На глазах ее показались слезы, и она воскликнула:
— Никуда я не пойду отсюда! Я служу у генеральши горничной, получаю восемь рублей в месяц и горячее отсыпное, местом довольна и потому никуда не пойду!
— Вы глупы, Марья Дементьевна! Это завсегда так говорится, когда мужчина и женщина расходятся. Идите из моей комнаты и с сегодня не входите в нее иначе, как спрося у меня позволение. Между нами все кончено. Благодарю судьбу, что мы не были венчаны!

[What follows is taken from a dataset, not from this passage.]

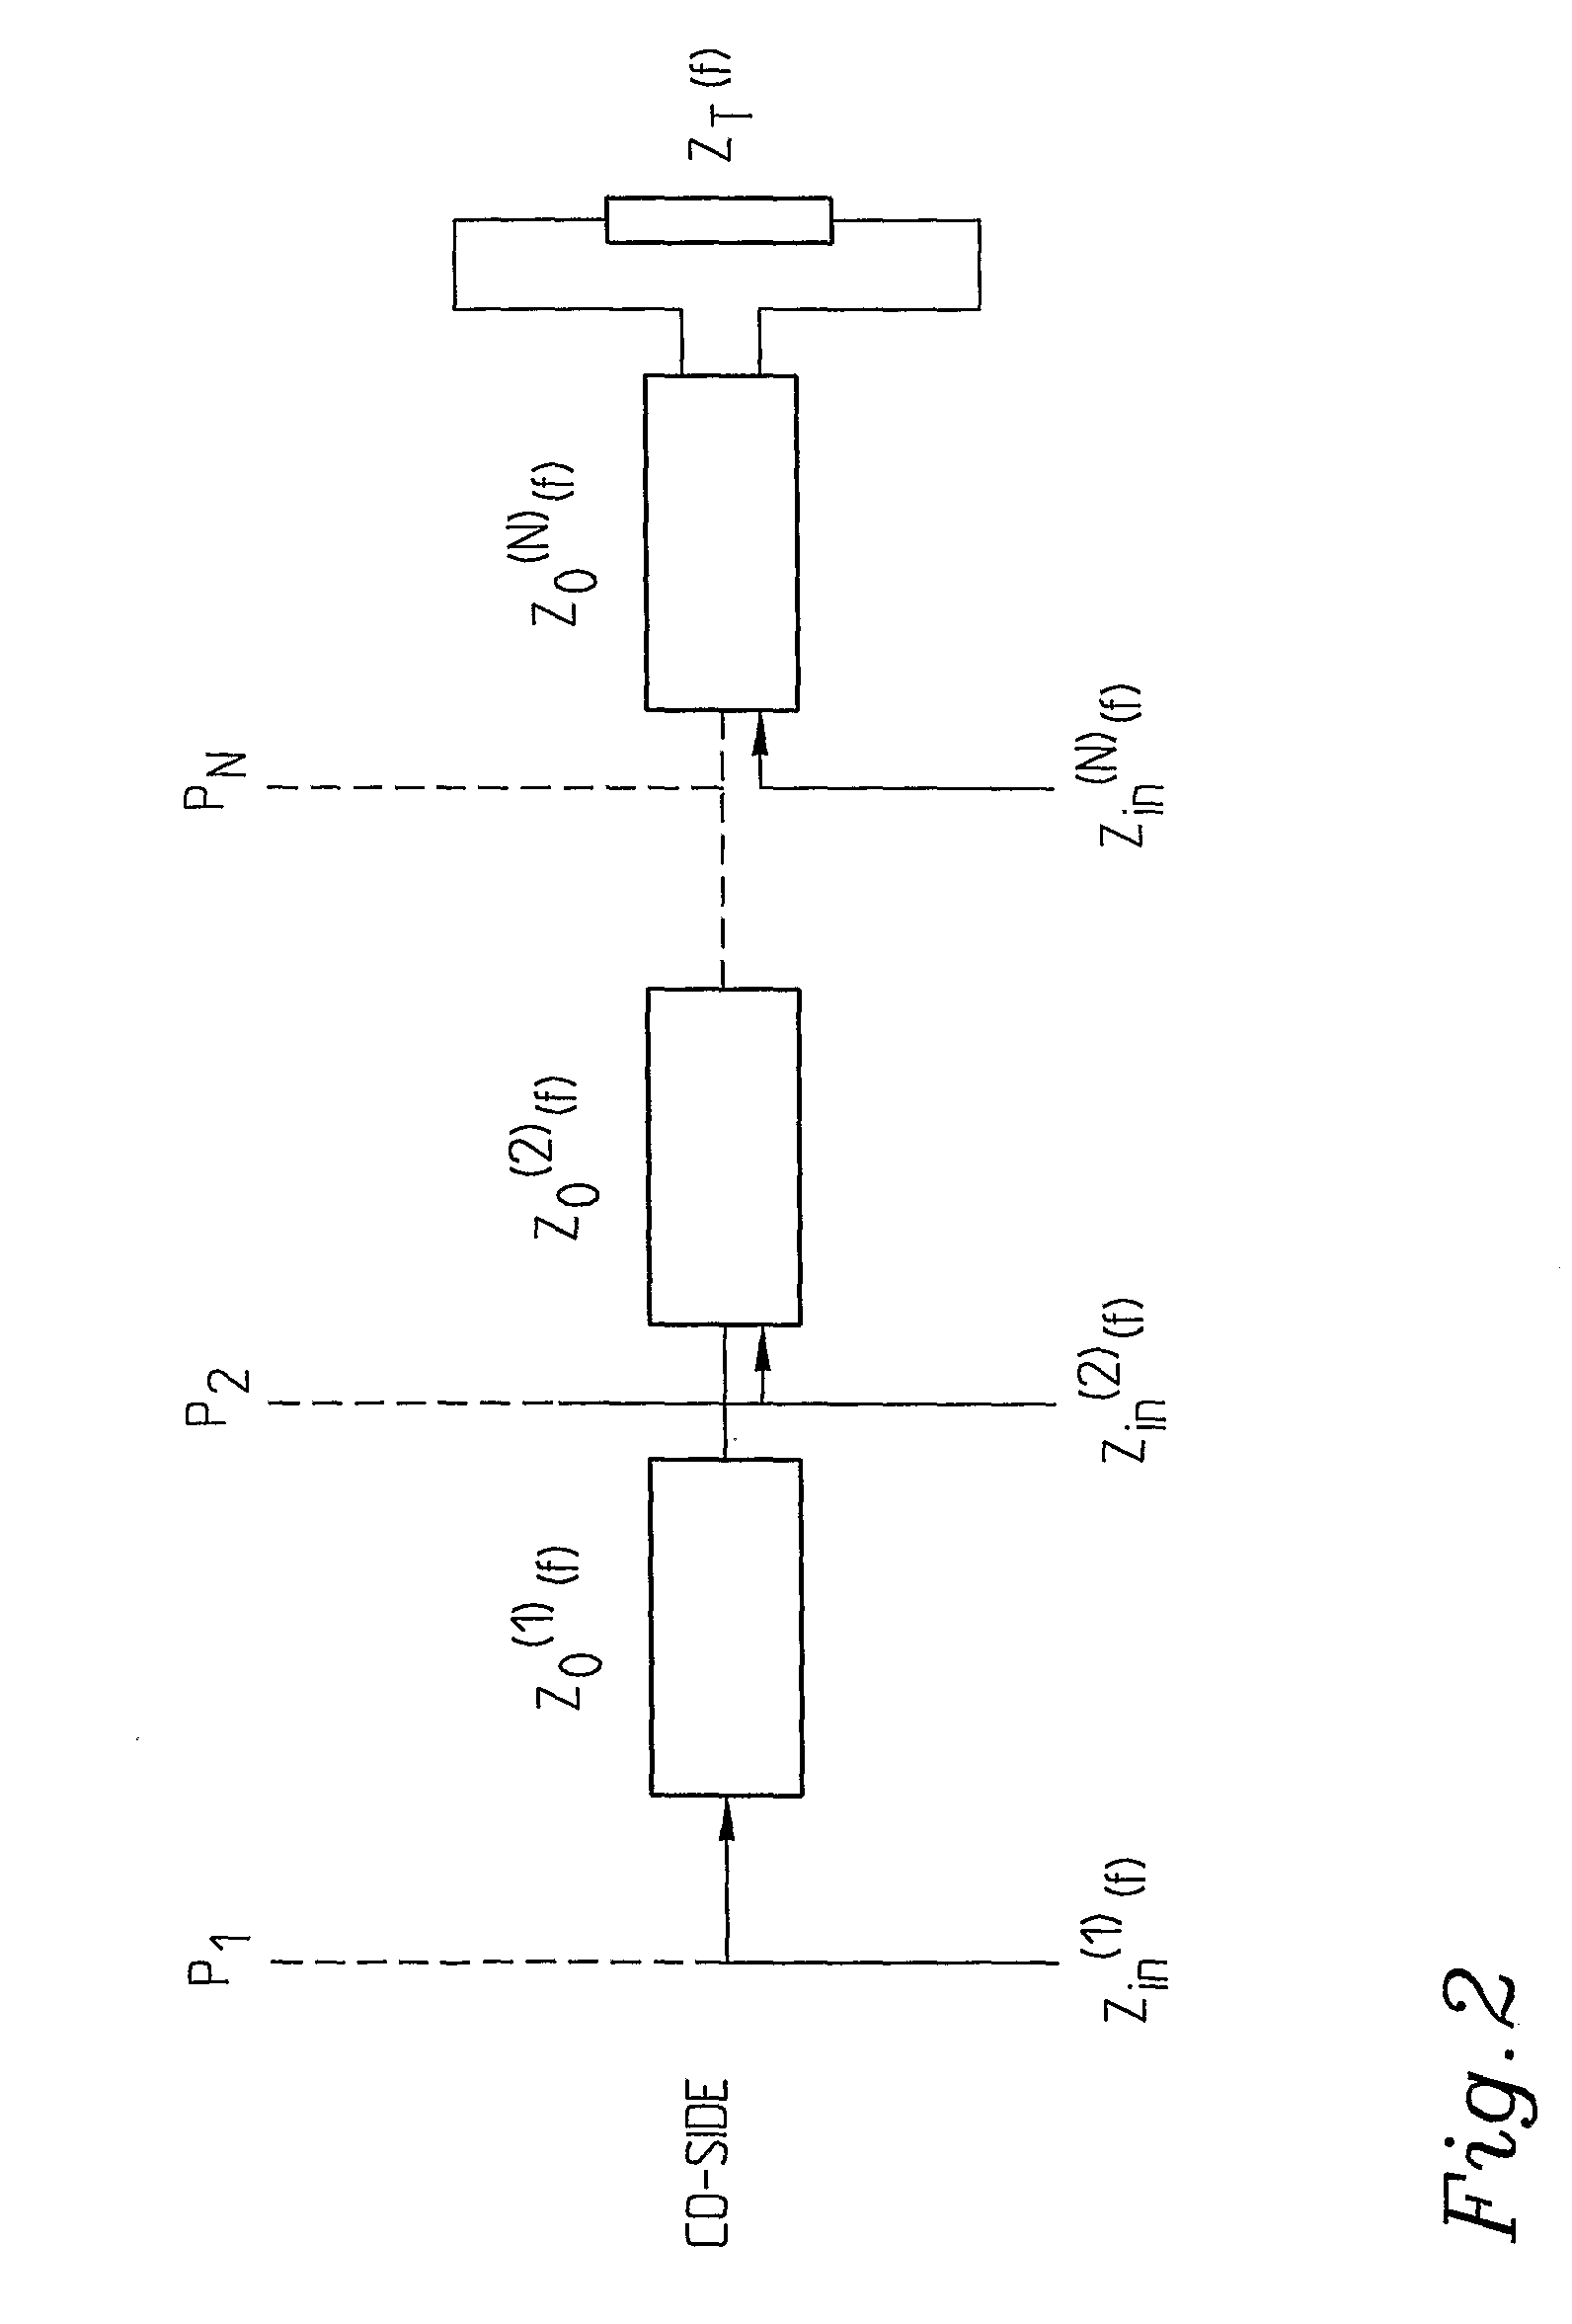 Method and a System for Cable or Subscriber Loop Investigation Performing Loop Topology Identification

Она помолчала, тронулась с места, но на пороге моей комнаты остановилась и сказала:
— Ах, вы!.. А еще туда же, сочинители, и толкуете о равноправности женщины! Нет уж, коли равноправность, так во всем равноправность. Небось когда на даче, на Черной Речке, ты амурничал с табачницей, так я не гнала тебя от себя; когда ты то и дело бегал пить кофей к купеческой содержанке, что в нашем доме живет, — я не гнала тебя… Я не гнала тебя, когда ты втюрился в балетную блондинку и кричал мне «брысь», а, напротив того, упросила дьячка Ижеесишенского, чтобы он полечил тебя в бане вениками; а теперь, когда я один-то разик соблазнилась на твоего же знакомого, так ты меня от себя прочь гонишь? Ах, ты сочинитель, сочинитель! Уж коли сам нечист, так не кори и другого! — закончила она и вышла из комнаты.
— Дура! — крикнул я ей вслед, но крикнул уже не как сожительнице, а как просто глупой женщине. И дивное дело, после этого разговора всю душевную тягость у меня как бы рукой сняло.
6 марта
Сегодня поутру я сидел в моей комнате и пил кофий, как вдруг на пороге появился ливрейный лакей.
— Его сиятельство граф Тощий просит вас к себе и прислали за вами карету! — возгласил он.
Я оделся и отправился. Граф был в кабинете. Он сидел в вольтеровском кресле. Старик камердинер вставлял ему в рот две великолепные челюсти, работы американского врача Елисаветы Вонгль.
— Лицо утюжить, ваше сиятельство, прикажете? — спросил камердинер.
— Не надо. Это свой человек, — сказал граф. — Здравствуй! Садись! — обратился он ко мне.
Я сел и устремил на графа вопросительный взгляд.
— Скажи, пожалуйста: ты за энгелистов или против энгелистов? — спросил он.
— То есть как это?
— Ну, за стриженых девок и косматых семинаристов или против них?
— Это как будет угодно вашему сиятельству, потому они мне вреда ни на каплю не сделали.